P/VP de 1,01: ausência de desconto e o que isso significa
Diferente do KNCR11 (P/VP 1,04 pelo Investidor10) e bem diferente do VGHF11 (P/VP 0,80), o KNIP11 está sendo negociado quase exatamente no valor patrimonial. Isso é incomum em fundo de papel num cenário de Selic alta como o atual.
A explicação tem dois componentes. Primeiro, o KNIP11 carrega CRIs longos — prazo médio típico de uma década — e a marcação a mercado desses títulos sobe quando o mercado precifica queda de juros à frente. Segundo, o investidor que entende o produto está comprando KNIP11 como hedge para o cenário pós-corte — quando KNCR11 começar a sofrer porque o CDI cai, KNIP11 protege porque o spread fixo continua somando.

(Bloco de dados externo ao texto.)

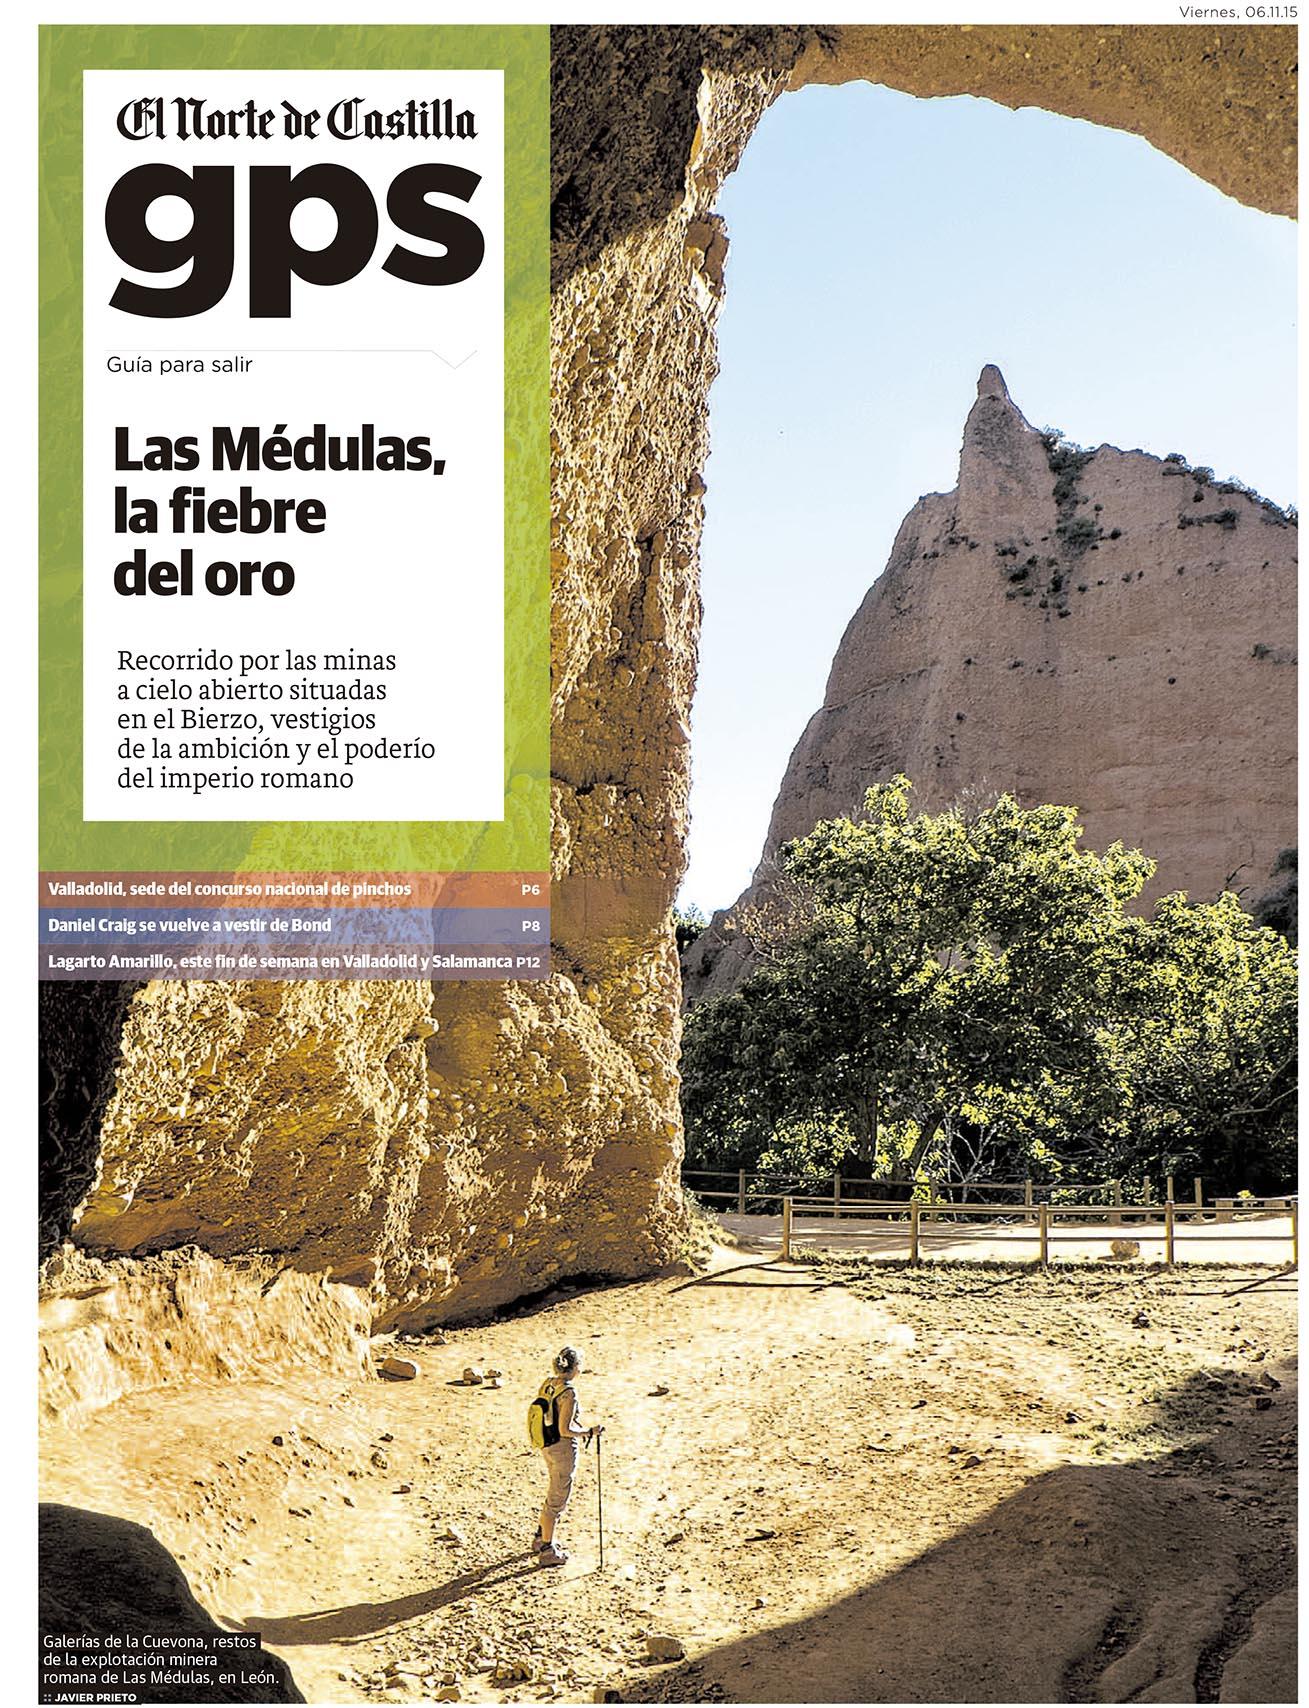 Las Médulas. Reportaje publicado por Javier Prieto Gallego en el periódico EL NORTE DE CASTILLA.

P/VP 1,01 não é desconto, mas também não é sobrepreço punitivo. É preço justo pra um fundo com indexador certo pra cenário em transição. Se você acredita que a Selic vai cair em 2026, o KNIP11 a P/VP 1,01 é entrada razoável. Se acha que a Selic vai ficar alta por mais 18 meses, o KNCR11 entrega mais no curto prazo.

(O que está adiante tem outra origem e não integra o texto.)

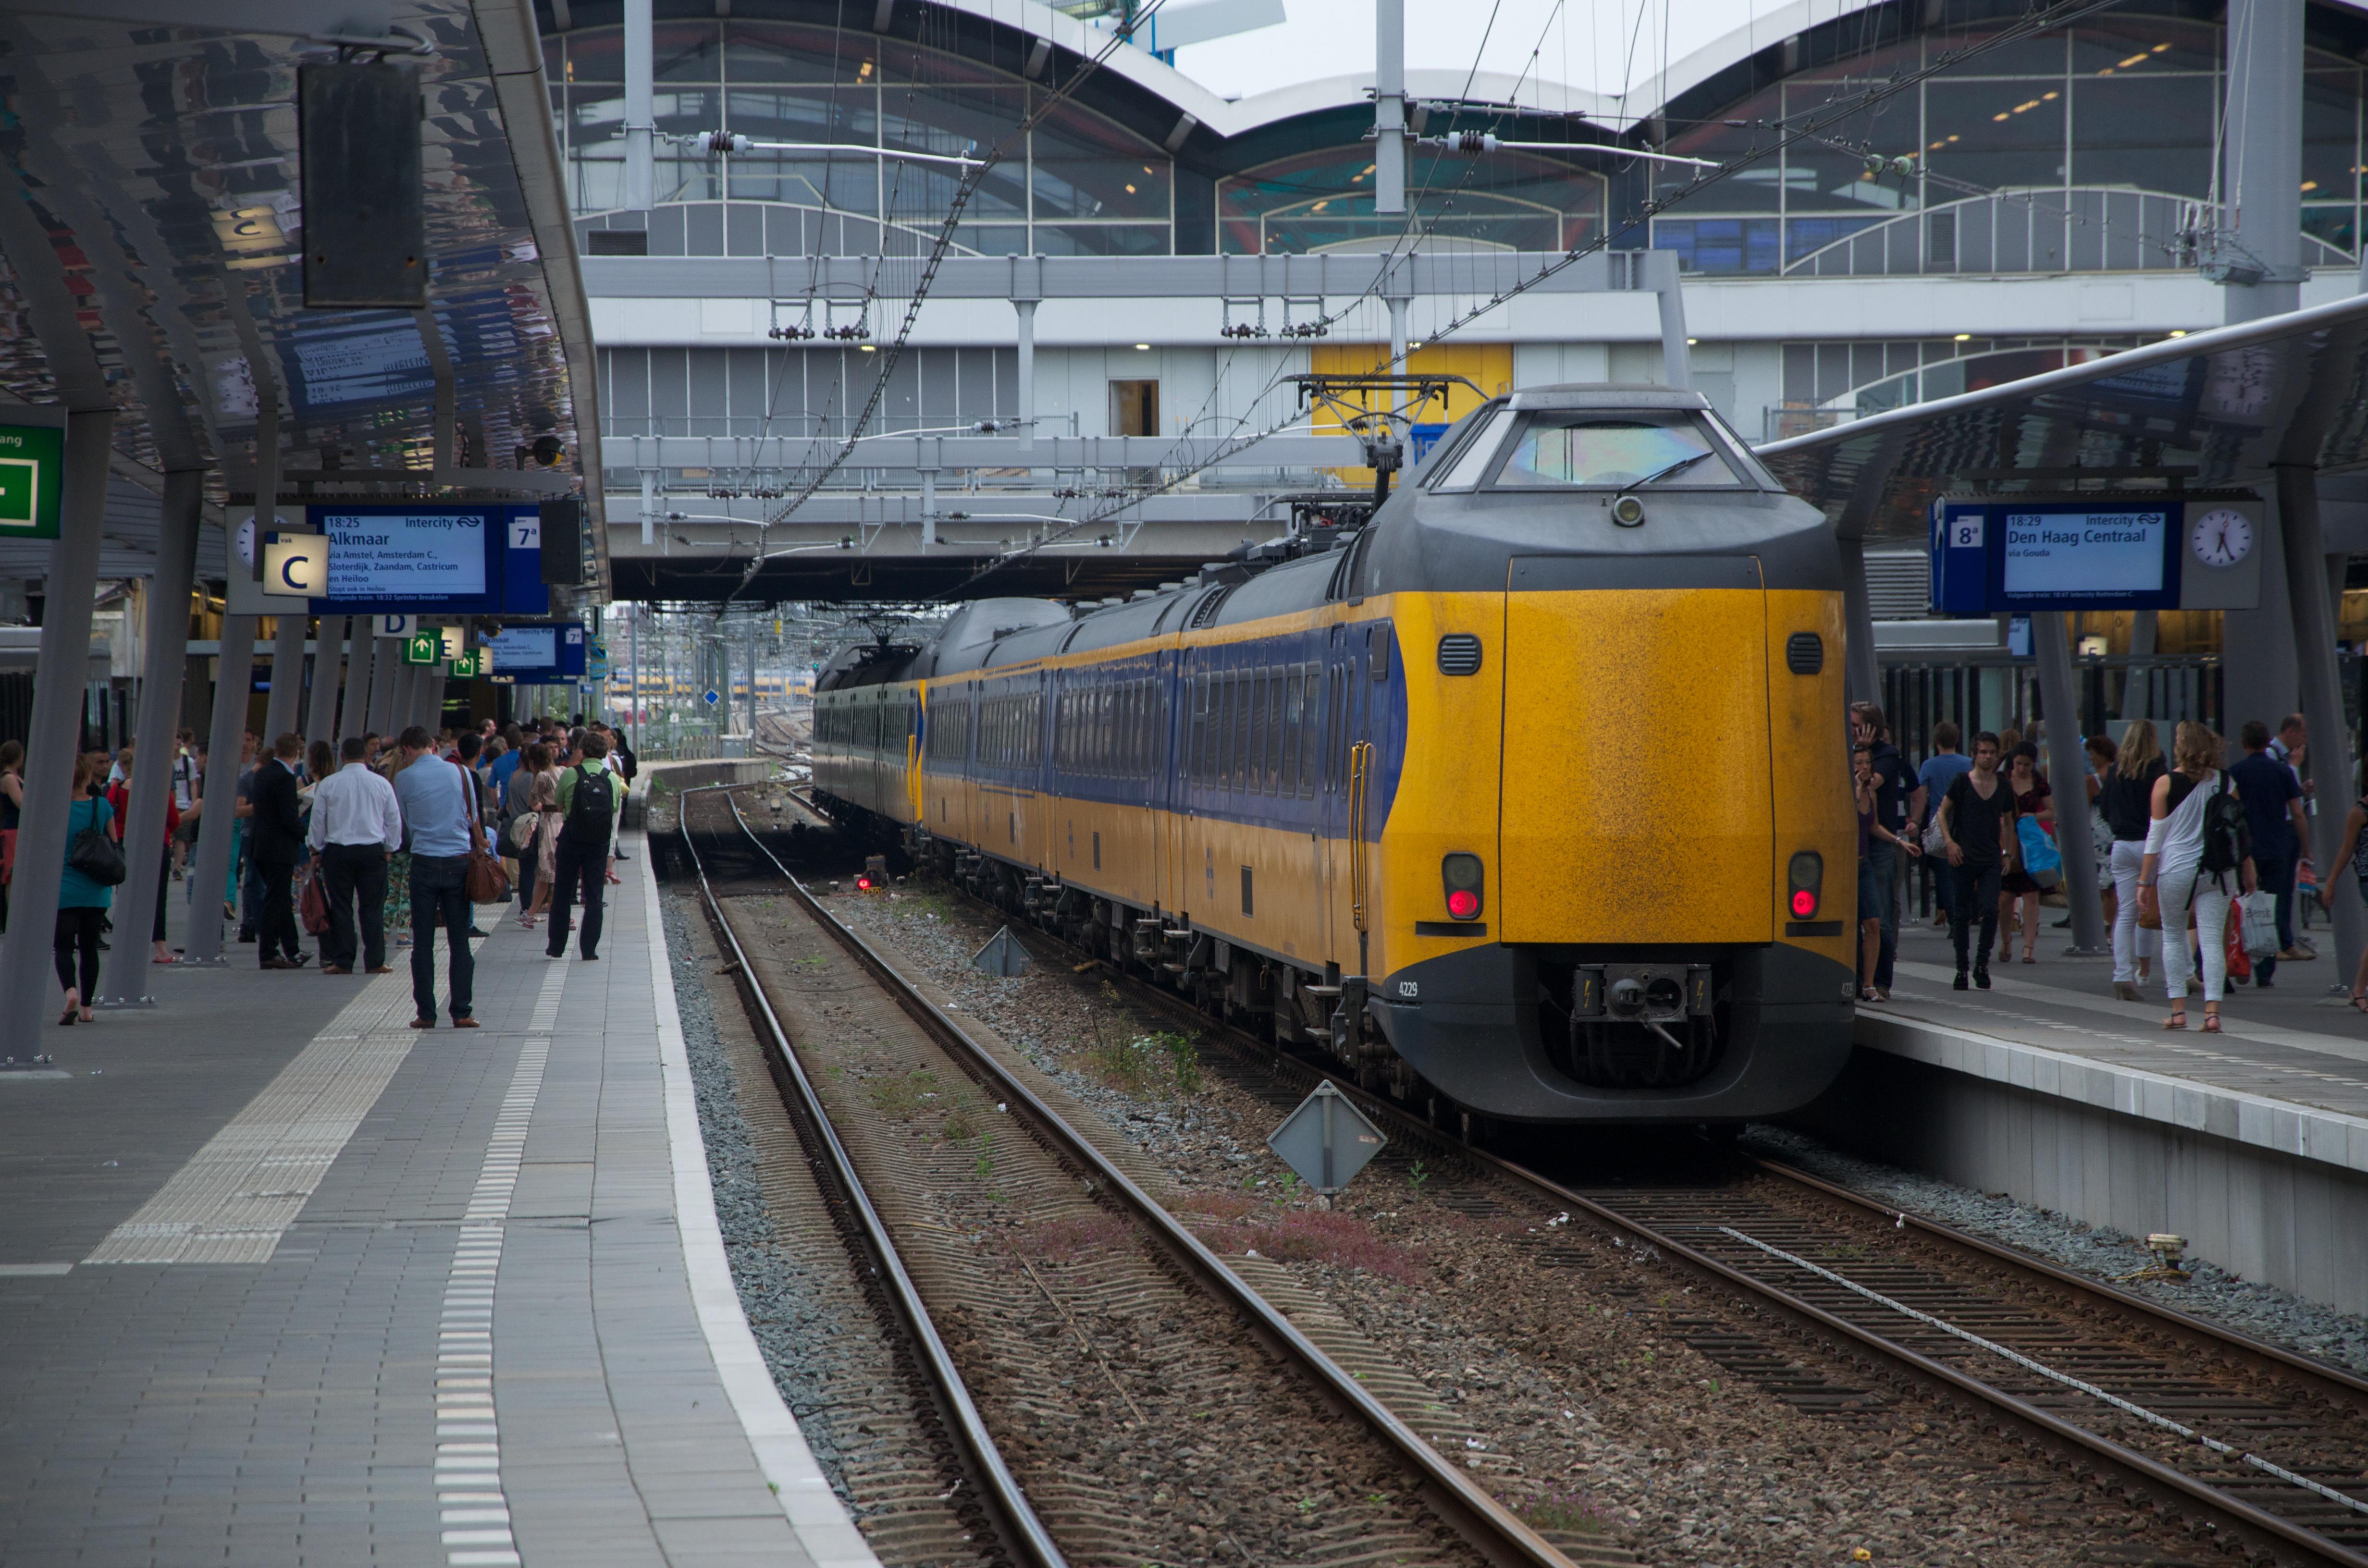 FileNS Koploper ICM 4229 te Utrecht Centraaljpg

Quando KNIP11 supera KNCR11 (e vice-versa)
| Cenário macro | CDI | IPCA | Vence |
|---|---|---|---|
| Atual (abril/2026) | ~14,40% | 4,14% | KNCR11 (DY 13,76%) |
| Selic caindo, IPCA controlado | 9-10% | 4-5% | Equilíbrio (KNIP11 começa a ganhar) |
| Selic baixa, IPCA controlado | 6-7% | 3-4% | KNIP11 (CDI insuficiente) |
| IPCA voltando a subir | Subindo com defasagem | 6-8% | KNIP11 (spread fixo + IPCA alto) |
| Recessão com deflação | Caindo | Próximo de zero | KNCR11 (CDI ainda paga, IPCA congela) |
| Estagflação (IPCA alto + Selic alta) | Alta | Alta | Empate técnico — depende do spread |
A leitura prática dessa tabela é simples: nenhum dos dois fundos vence sempre. Existe um cenário em que cada um performa melhor. Ter os dois na carteira é a forma de neutralizar a aposta macro — você não precisa adivinhar se a Selic vai cair antes ou depois, se o IPCA vai voltar a subir, se vai vir choque externo. Tem cobertura nos dois casos.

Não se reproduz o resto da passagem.